Congress leader Rahul Gandhi received a new ordinary passport on Sunday, two days after a local court granted its no objection to the issuance of the same, sources said.
They said the passport office had assured Gandhi in the morning that the passport would be issued to him on Sunday and he got it in the afternoon.
The former Congress president is set to travel to San Francisco in the United States on Monday evening where he will start his three-city tour. He had applied for an ordinary passport after surrendering the old diplomatic passport issued to him when he was a member of parliament.
Rahul Gandhi was disqualified as an MP following his conviction and two-year sentence by a Gujarat court in a defamation case over his Modi surname remark.
Starting with San Francisco where he is scheduled to interact with students at the prestigious Stanford University, Gandhi will also address a press conference and have meetings with the lawmakers and think tanks in Washington DC.
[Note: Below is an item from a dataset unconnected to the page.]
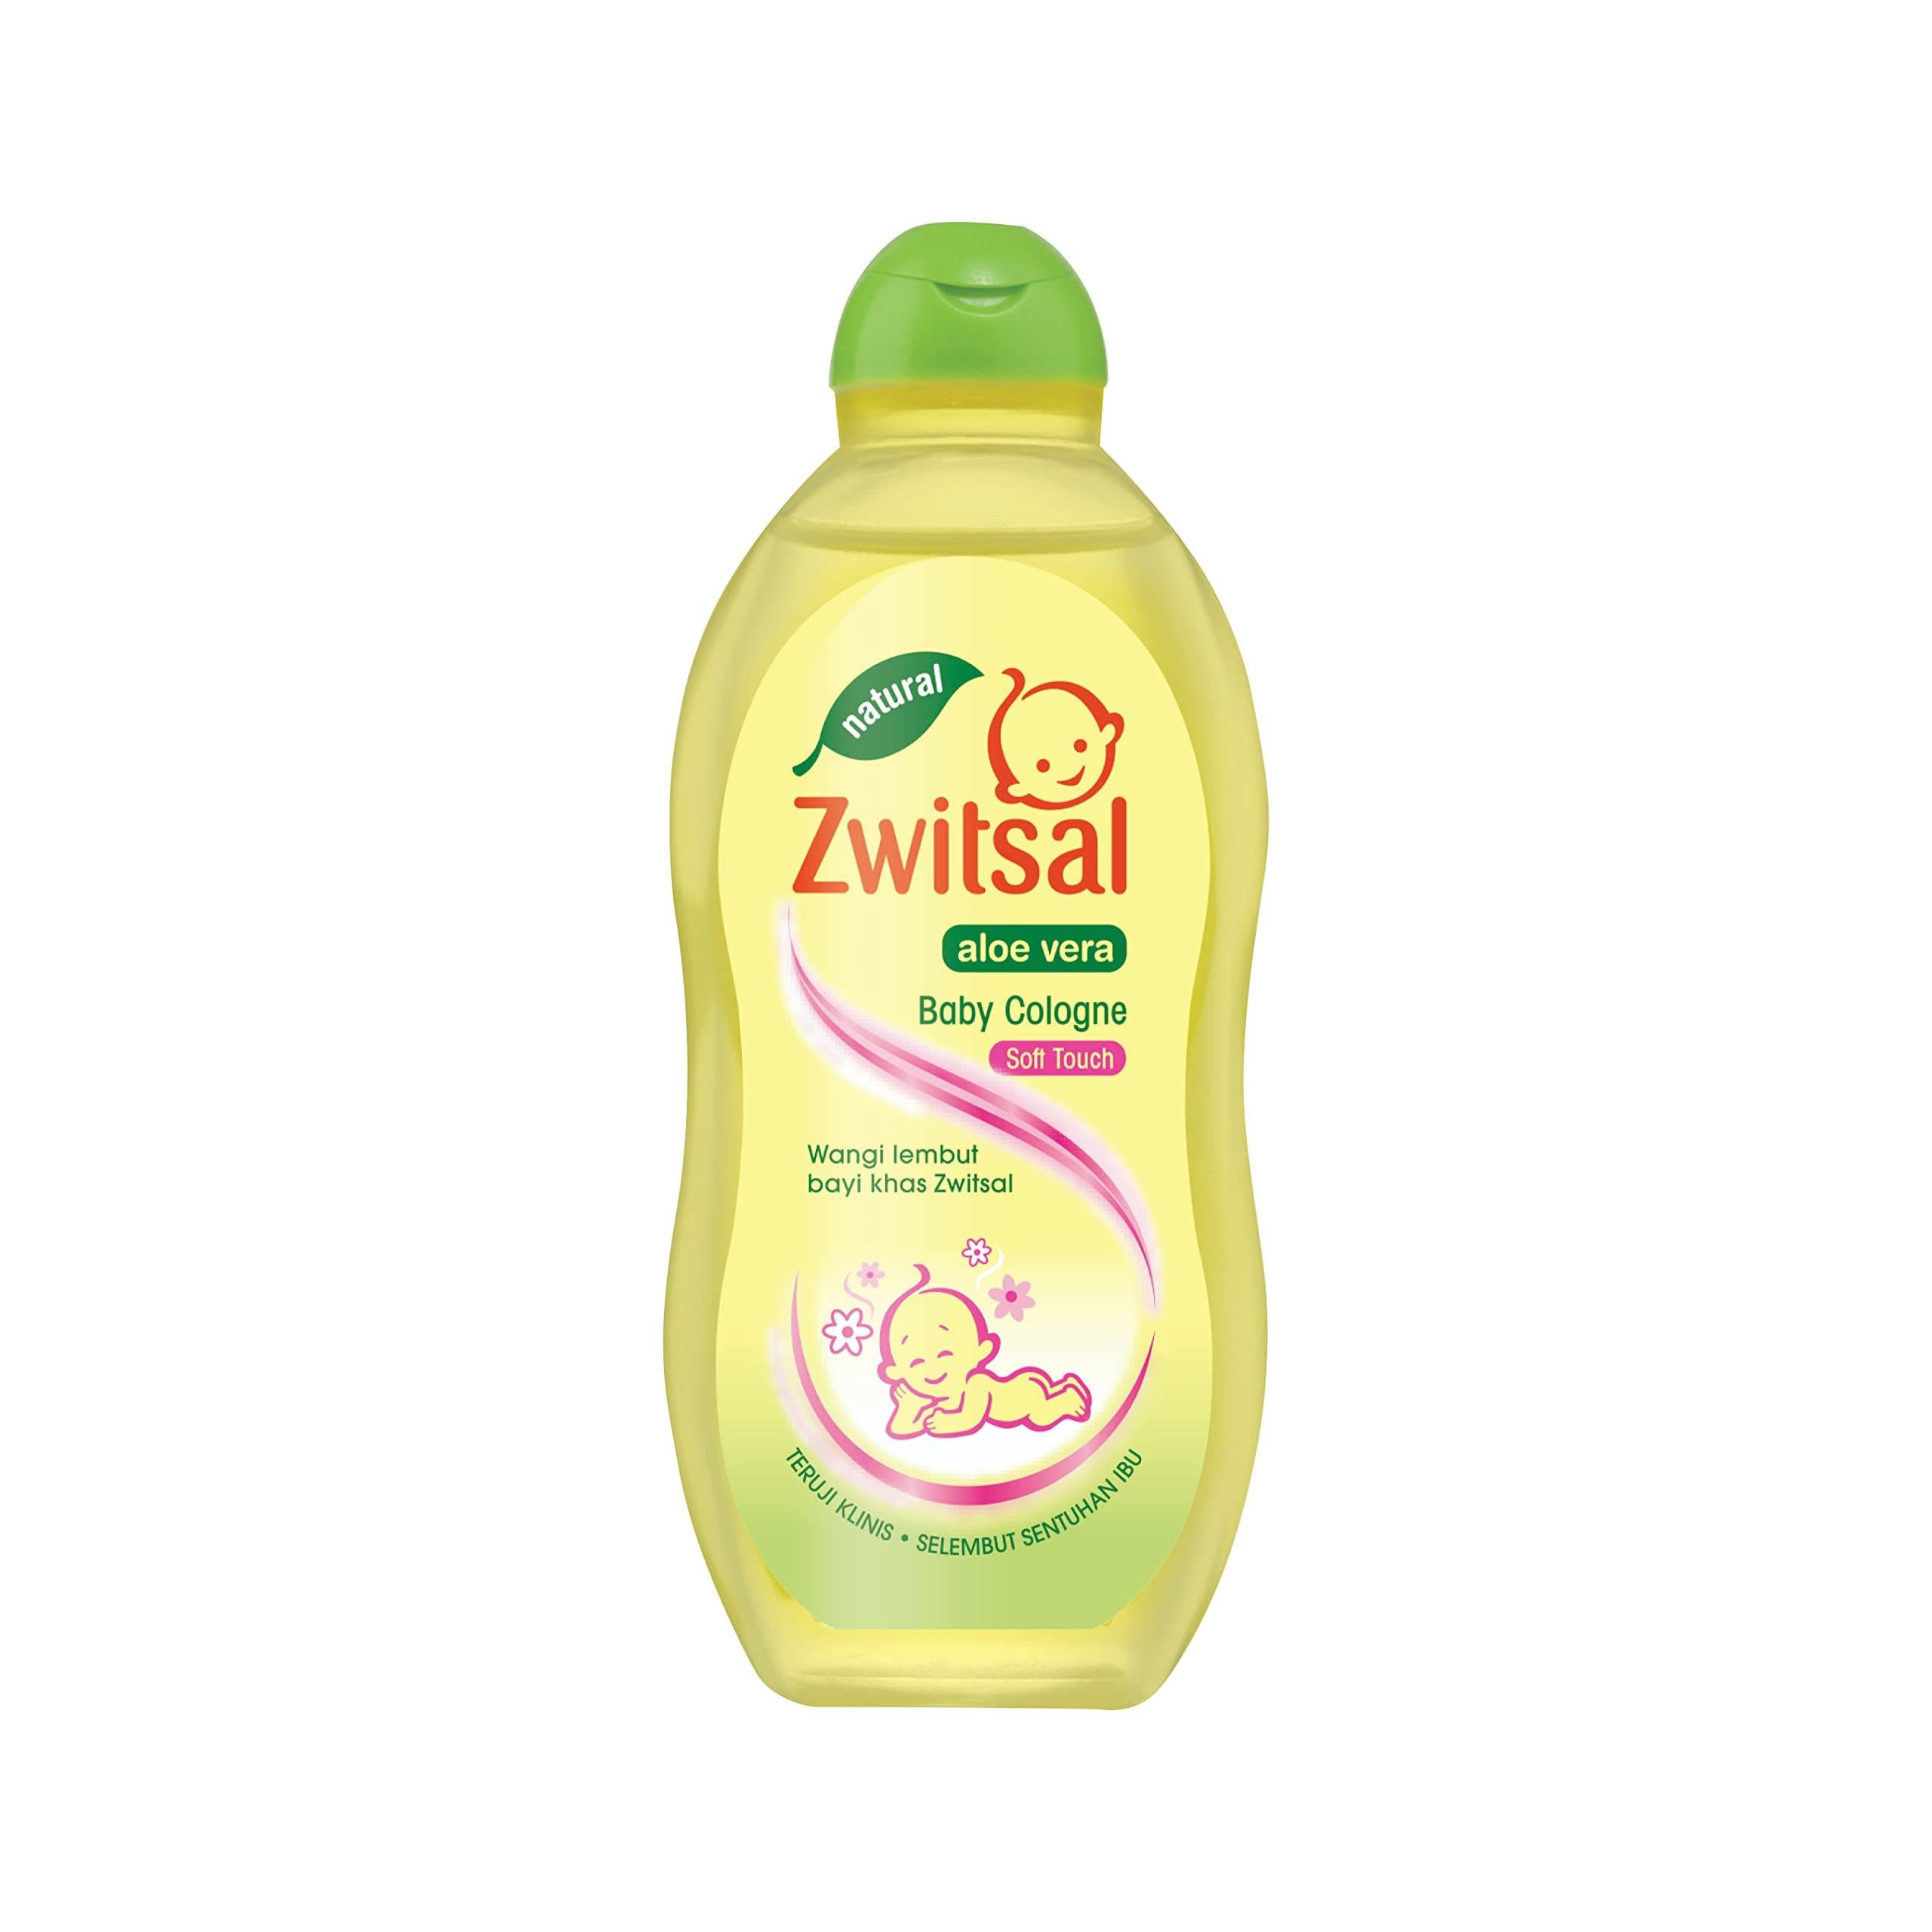 Jans Zwitsal - Baby Cologne with Aloe Vera | Soft Touch | 100ml

The Congress leader is likely to address Indian Americans, meet lawmakers and interact with members of think tanks, Wall Street executives and university students during his week-long tour of the USA. He is slated to conclude his trip with a large public gathering in New York on June 4.
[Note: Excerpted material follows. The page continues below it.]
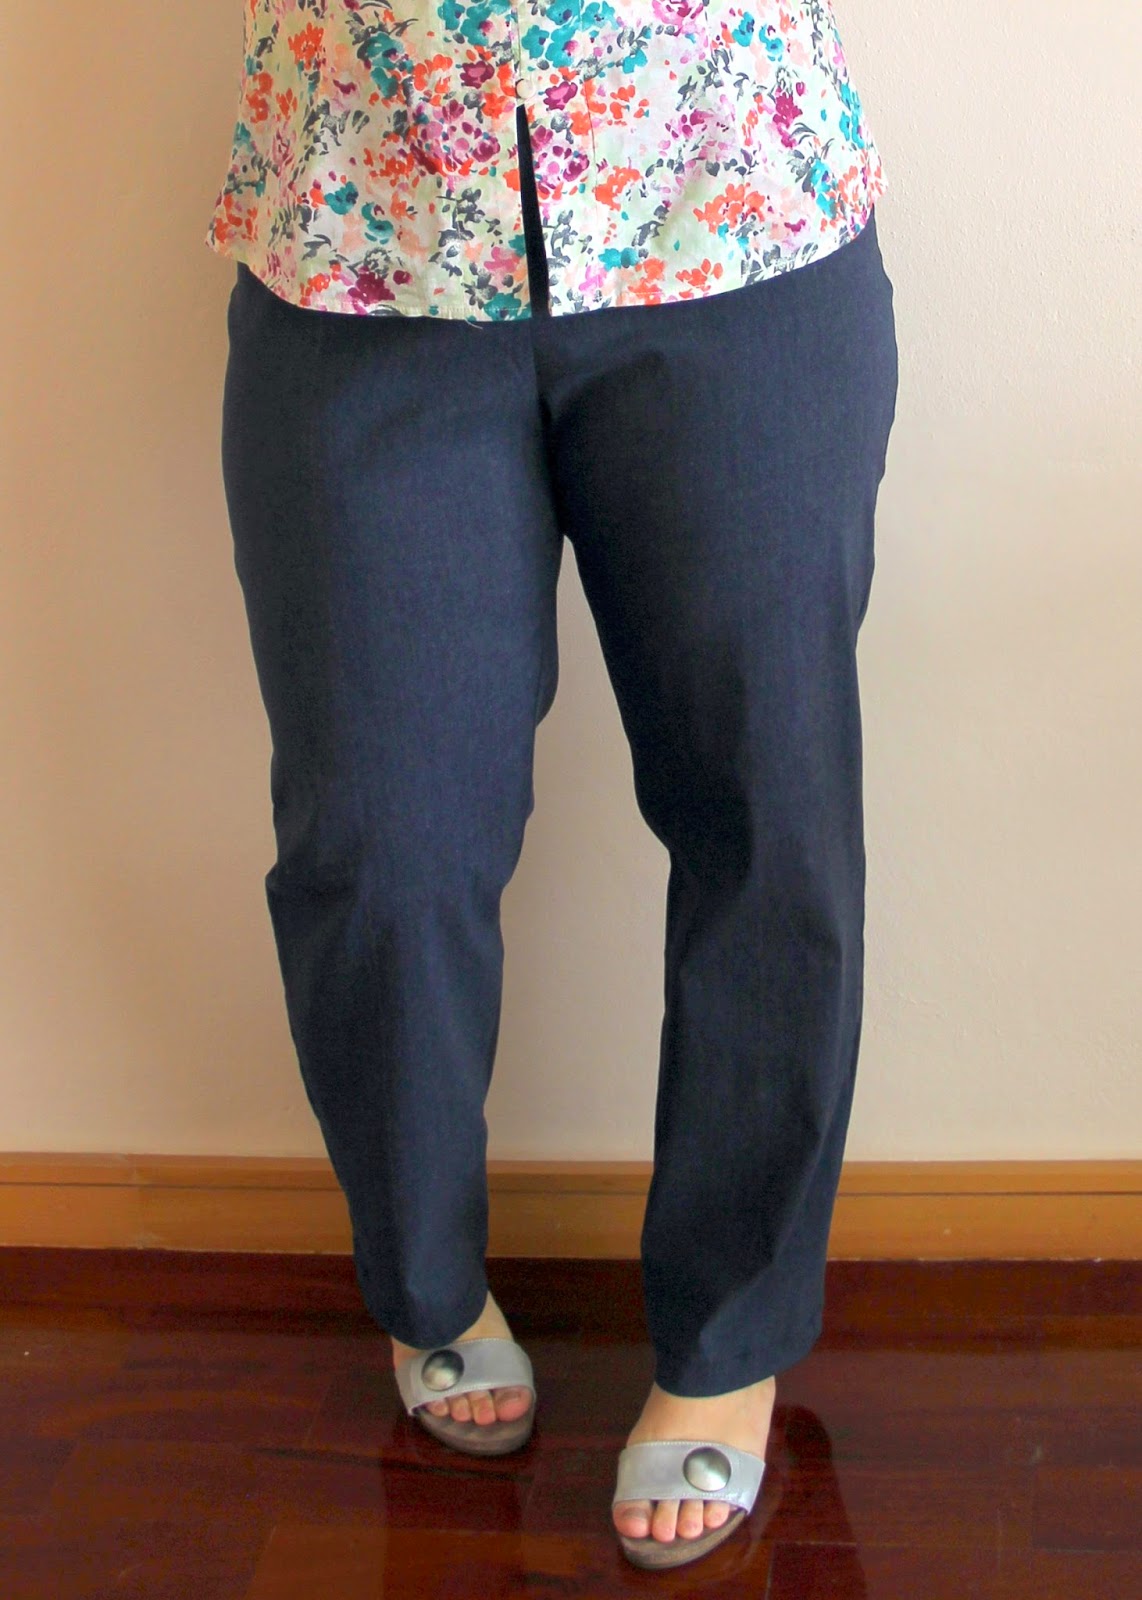 Cookin' & Craftin': Sewing Dare Part 1: Style Arc Barb

The interaction would take place at the Javits Center in New York.
A Delhi court had on Friday granted a no-objection certificate to Rahul Gandhi for the issuance of an 'ordinary passport' for three years instead of 10, the period for which it is normally issued, following an objection raised by Bharatiya Janata Party leader Subramanian Swamy.
The court noted that the National Herald case was pending at the stage of cross-examination of the complainant in pre-charge evidence and Gandhi has been regularly appearing either in person or through his counsel and has not hampered or delayed the proceedings.
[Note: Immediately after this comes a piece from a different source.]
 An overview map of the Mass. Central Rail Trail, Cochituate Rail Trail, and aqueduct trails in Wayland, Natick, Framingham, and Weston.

Rahul Gandhi is an accused in the case in which Swamy is the complainant.
An ordinary passport that is generally issued to adults is valid for 10 years.
On March 24, the Wayanad Lok Sabha constituency in Kerala was declared vacant after Rahul Gandhi, who represented it in the Lok Sabha, was disqualified following his conviction in a defamation case in which he was sentenced to a two-year jail term.
The Congress leader, whose sentence has been suspended in the defamation case filed over his remarks about Prime Minister Narendra Modi's surname, had moved the court seeking a no-objection certificate on Tuesday.